Quality of homework can vary from teacher to teacher. For instance, educators acknowledge that 10-15 minutes of thoughtful, intense reading and/or writing about a particular topic far outweighs a “busy-work” packet that takes an hour to complete.

Then the issue arises of how to assess that “meaningful” homework; an objective worksheet is cut and dry, while subjective, read-and-write homework can generate responses ranging from fluff to sophistication. Plus, intellectual homework takes longer to grade than worksheets and adds to the burdens of overworked, underpaid teachers.

“Homework is an ambiguous subject because it’s hard to measure,” Church says. “Homework should extend learning. It’s not supposed to create major achievements and gains. It does help develop good study habits and motivation.”

Educators know the value of homework as long as it is focused and efficient. Students who do homework retain knowledge and/or learn concepts that help them long term and during class time, in addition to gaining the benefits of responsibility, diligence and hard work.

However, many students, for a host of socio-economic, cultural, psychological, extracurricular and/or personal reasons, don’t do homework. As a result, many schools force teachers to minimize the amount or grade value of homework.

“Homework is an ambiguous subject because it’s hard to measure. Homework should extend learning. It’s not supposed to create major achievements and gains. It does help develop good study habits and motivation.”

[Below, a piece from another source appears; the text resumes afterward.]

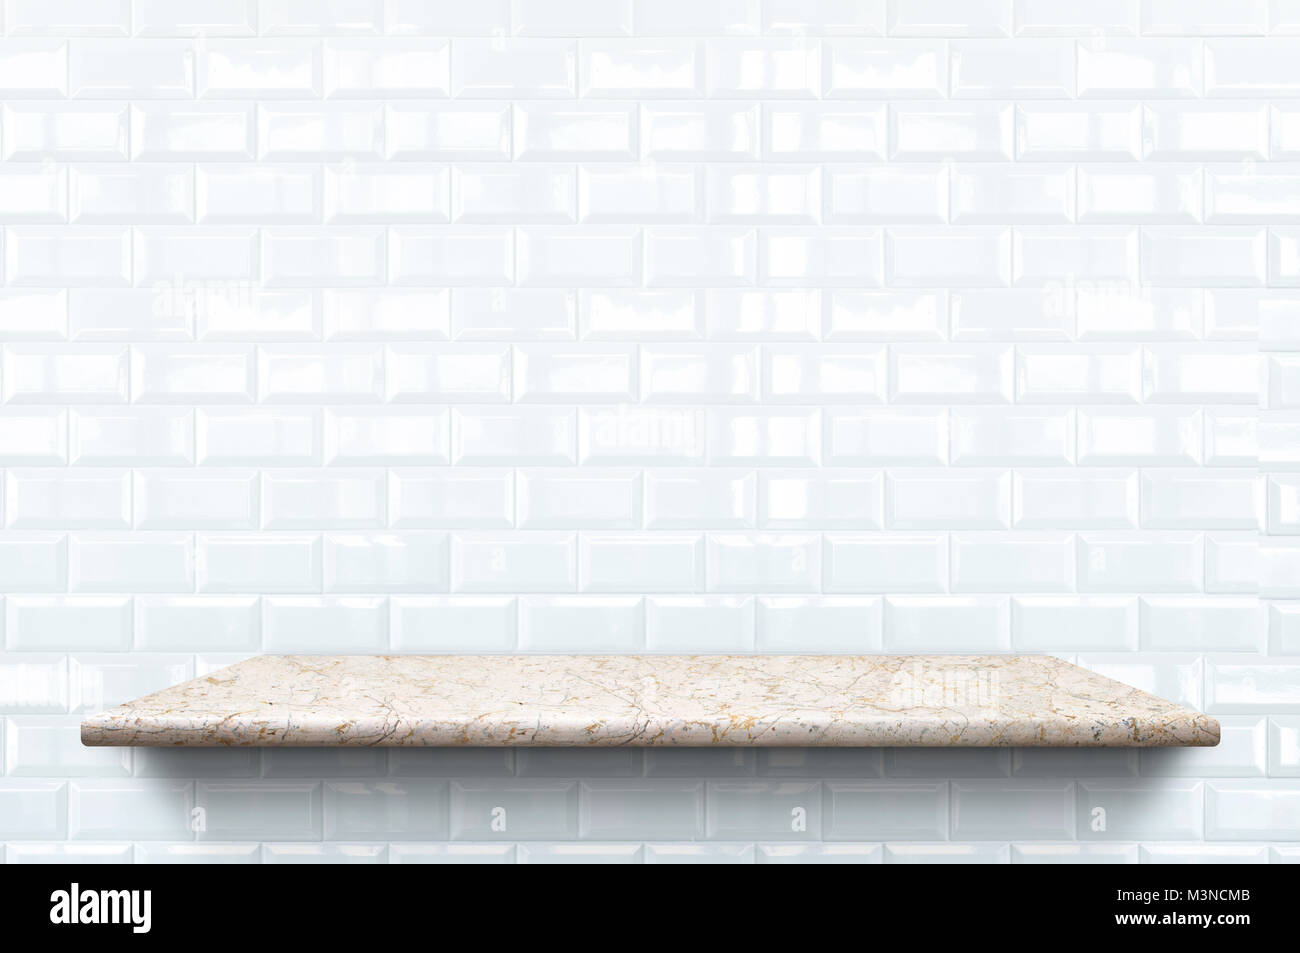 Leer Marmor Regal Auf Weißer Keramik Fliesen Wand Muster Hintergrund, Mock  Up Für Anzeige Oder Montage Von Produkt  Oder Design.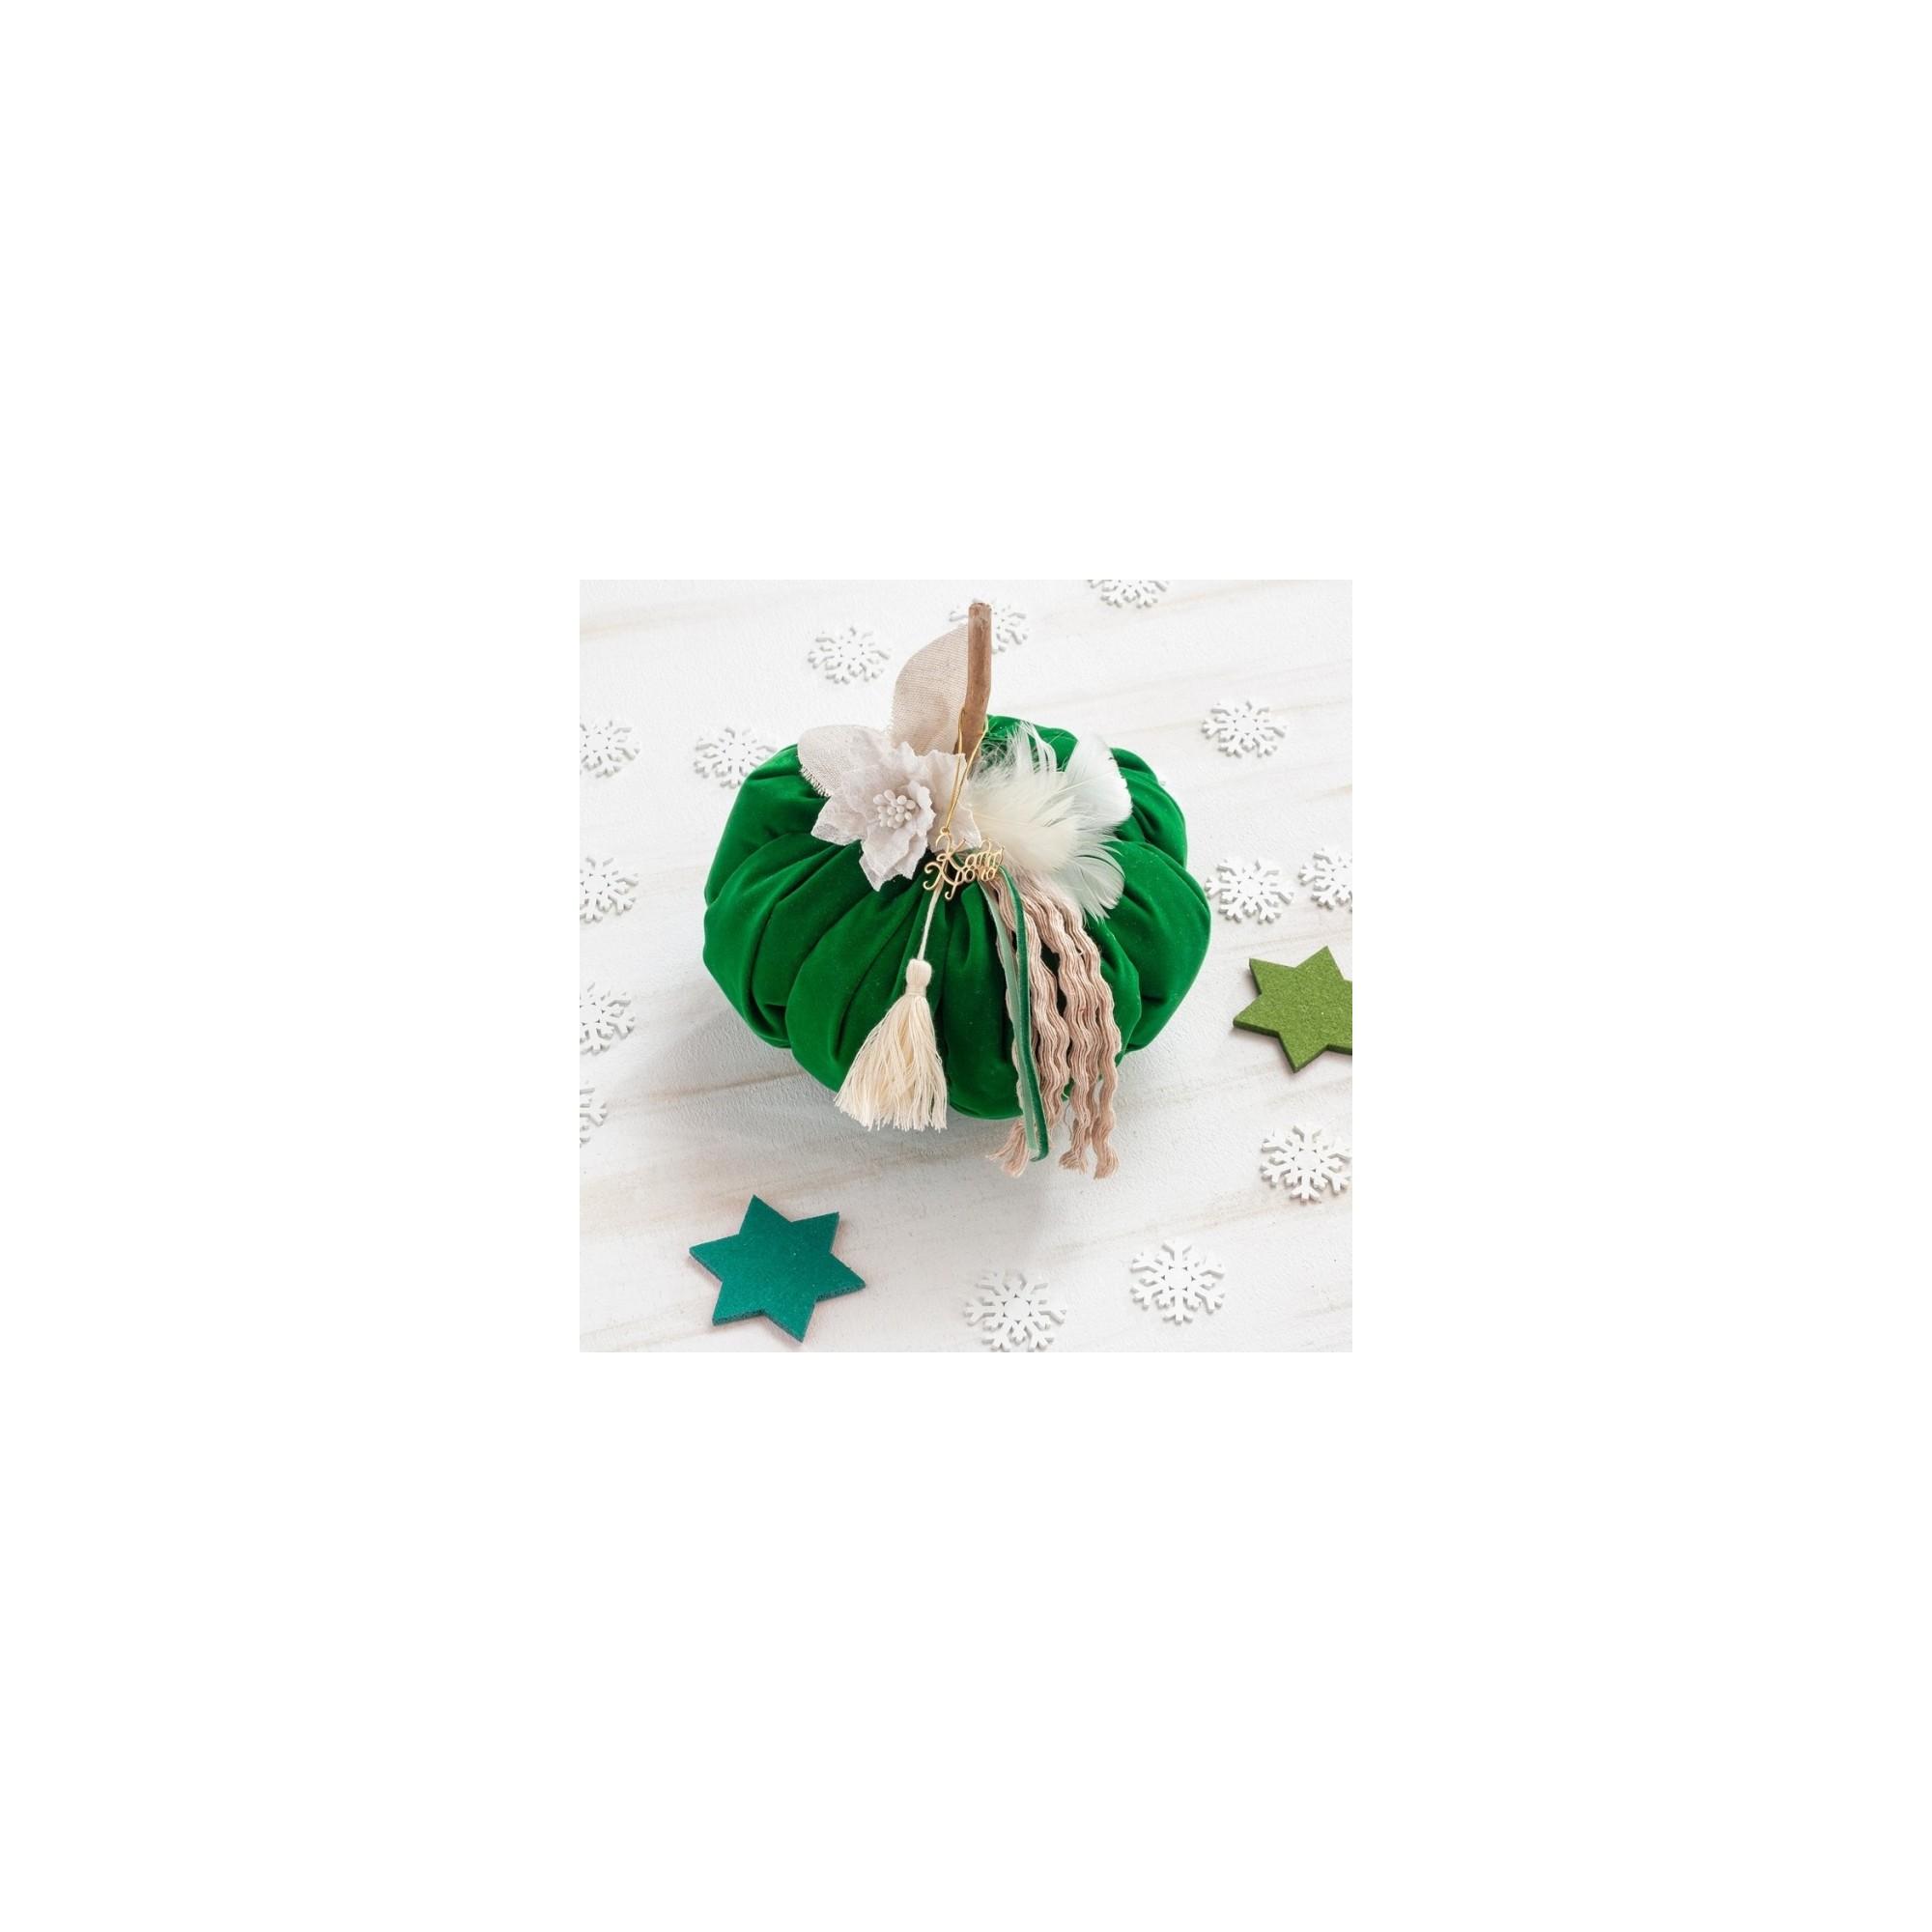 Χριστουγεννιάτικη Διακοσμητική κολοκύθα - PAR-14800

International comparisons are mixed. The Atlantic magazine reports that students in Finland and Japan have less homework and higher standardized tests scores than their American counterparts; however, schools and instruction in those largely homogeneous countries are radically different in their cultural and academic approaches to education than in the United States. Plus, according to The Atlantic, Greece and Thailand, whose students have more homework than American students, score lower on standardized tests.

“I challenge teachers to think critically about structured standard routines like homework,” Church says. “Ask yourself, ‘Why am I assigning something?’ Teachers need to understand their intentions and goals with the homework. We need to make sure it’s the most effective way for students to progress. It shouldn’t just be an expectation.”